Throughput claims in inference frameworks are usually apples-to-oranges, so the more interesting design choice here is splitting the engine in two. LMDeploy ships TurboMind, a hand-optimized CUDA path for maximum tokens/sec, alongside a pure-PyTorch engine for models the C++ path hasn't caught up to yet — you pick the trade-off instead of being locked into one runtime.
What Sets It Apart
- Dual-engine architecture: TurboMind for production speed, the PyTorch engine for fast model coverage and easier hacking, behind one API.
- Throughput comes from systems work, not just bigger batches — persistent (continuous) batching, blocked KV cache, dynamic split-and-fuse, and tuned kernels combine for a claimed ~1.8x over vLLM in request throughput.
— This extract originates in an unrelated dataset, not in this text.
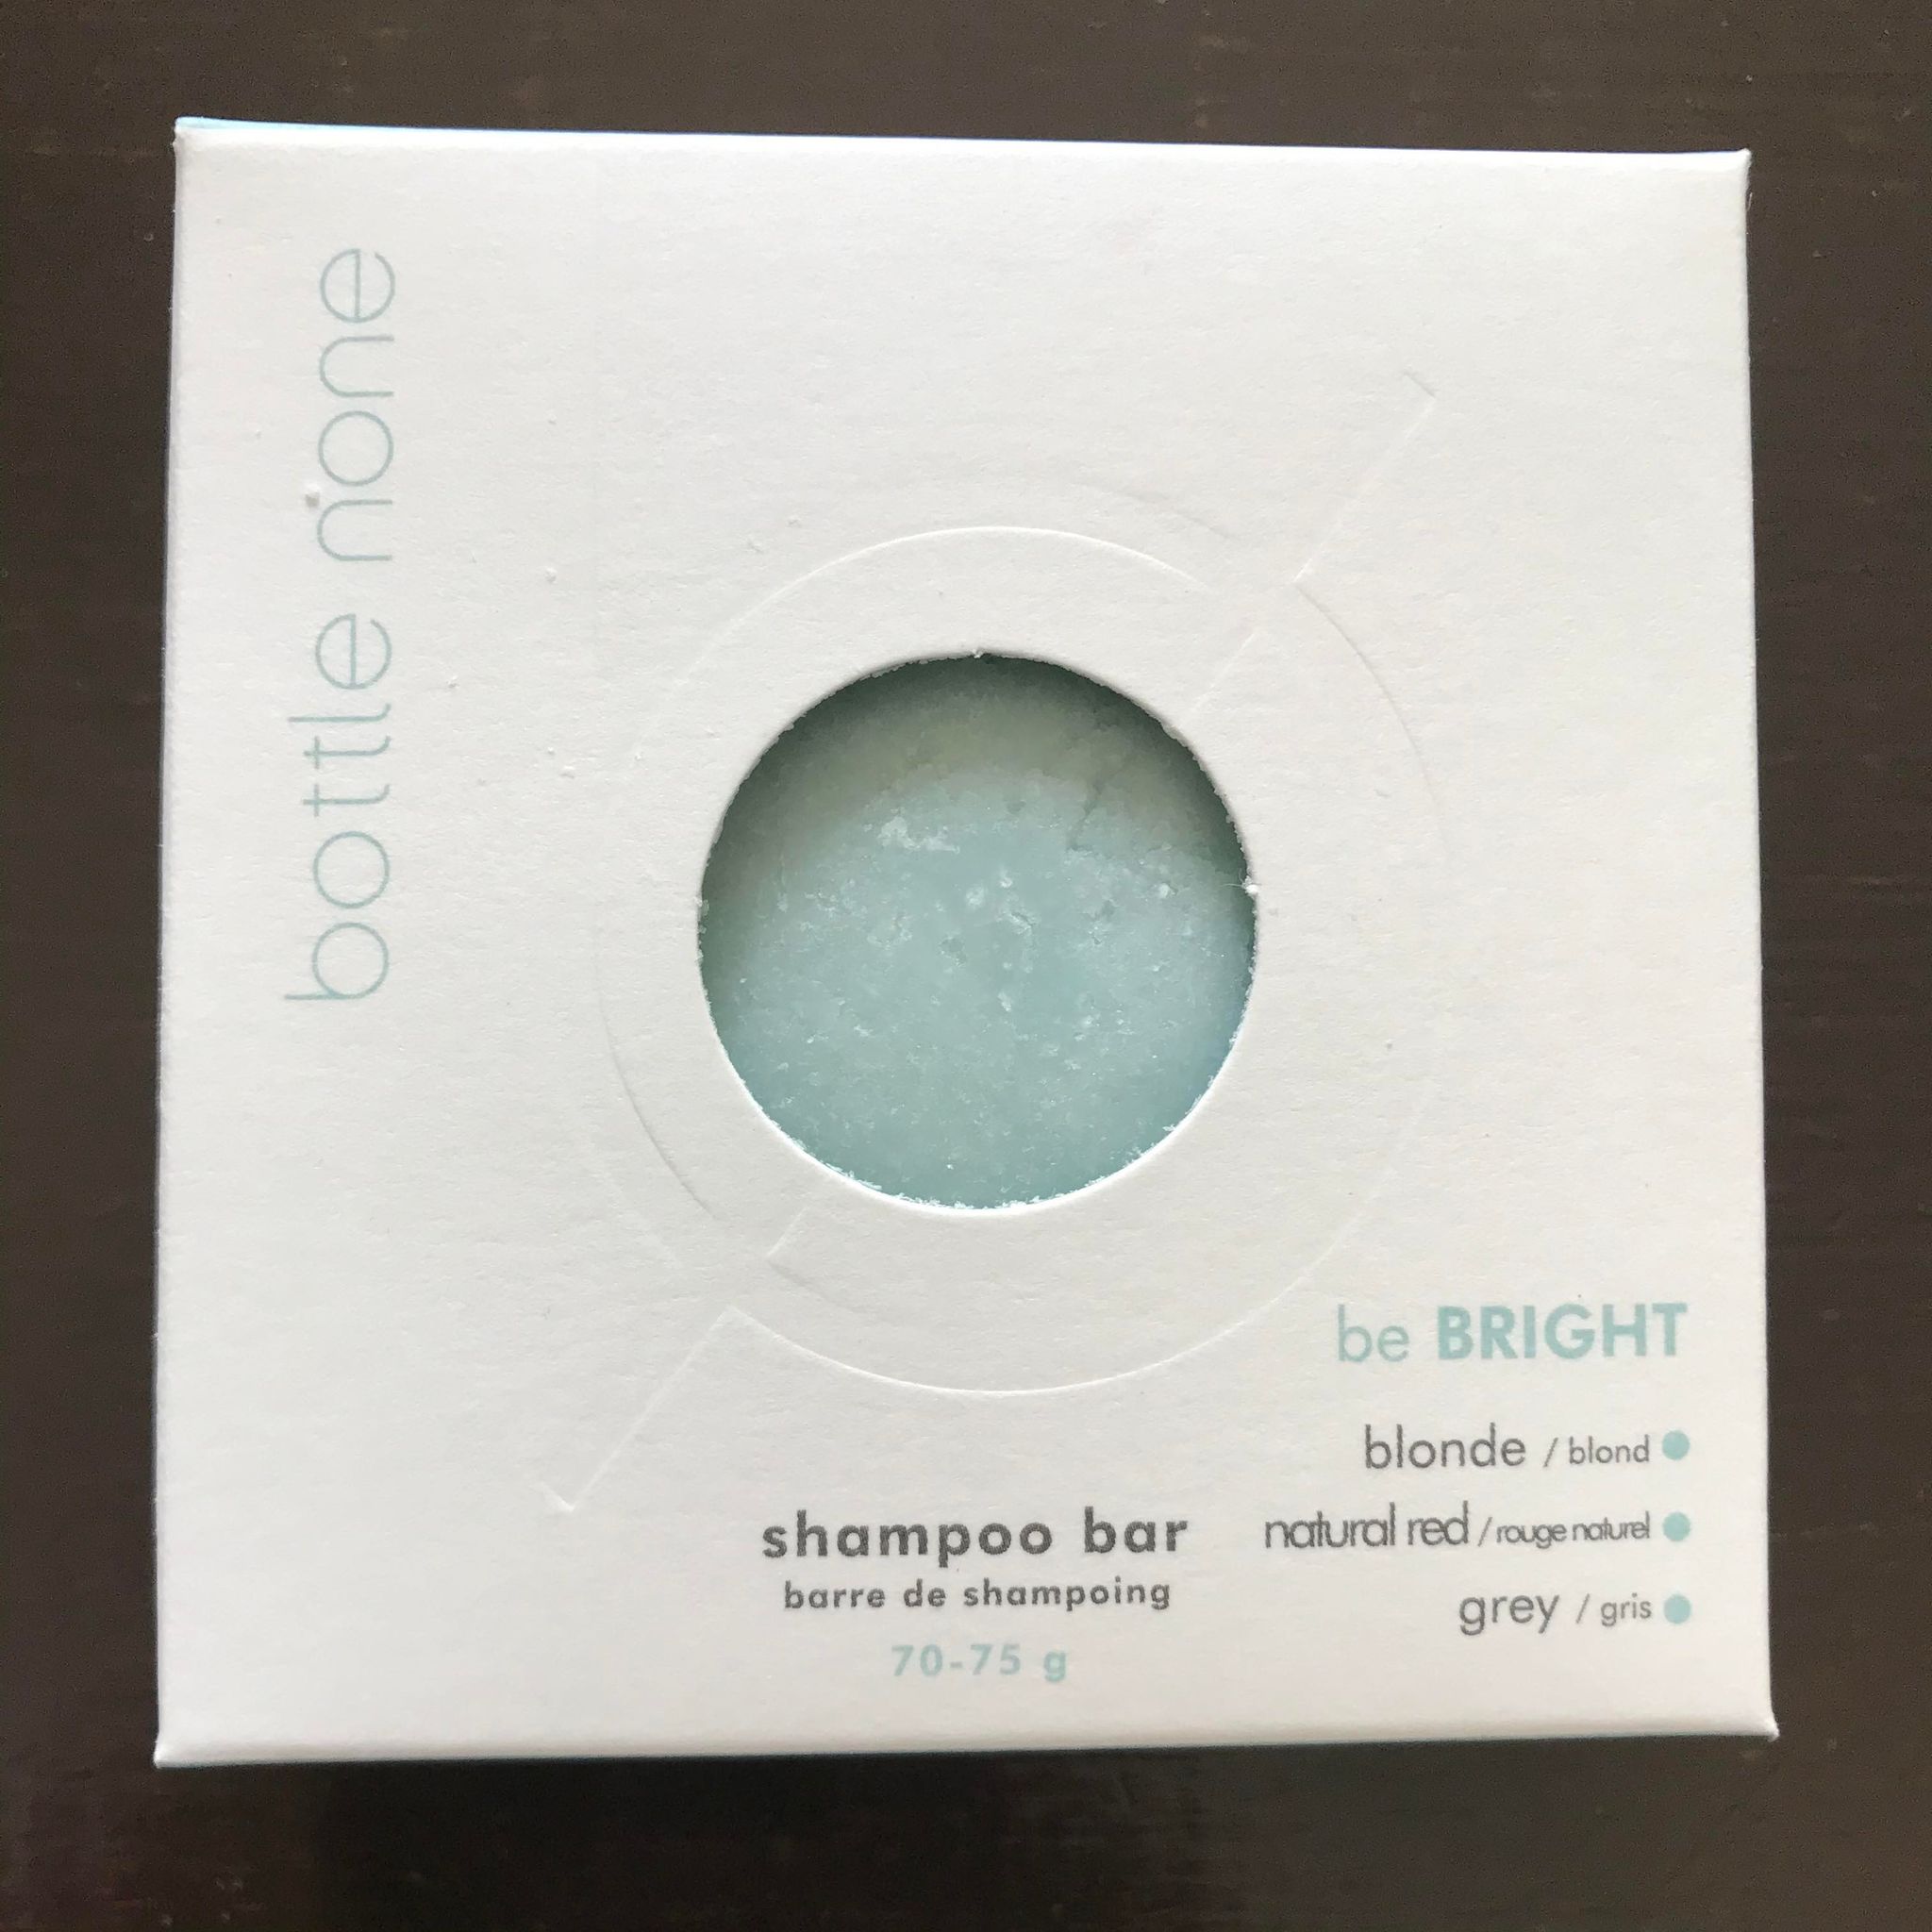 be bright bottle none shampoo bar in a zero waste box is ideal for blonde, natural red and grey hair

- Quantization is first-class: weight-only 4-bit AWQ (4-bit inference reported ~2.4x faster than FP16, with quality confirmed via OpenCompass evaluation) plus online KV-cache quantization, so memory savings don't require a separate toolchain.
- A built-in request distribution service spreads load across multiple machines and GPUs without bolting on an external router.
Who It's For
Great fit if you serve InternLM-family or other mainstream open LLMs/VLMs and want an OpenAI-compatible endpoint with aggressive quantization and high concurrency on NVIDIA hardware. Look elsewhere if you need broad non-CUDA backend support, the absolute newest model architectures the day they drop, or you'd rather not weigh TurboMind-vs-PyTorch trade-offs — a single-runtime server may be simpler.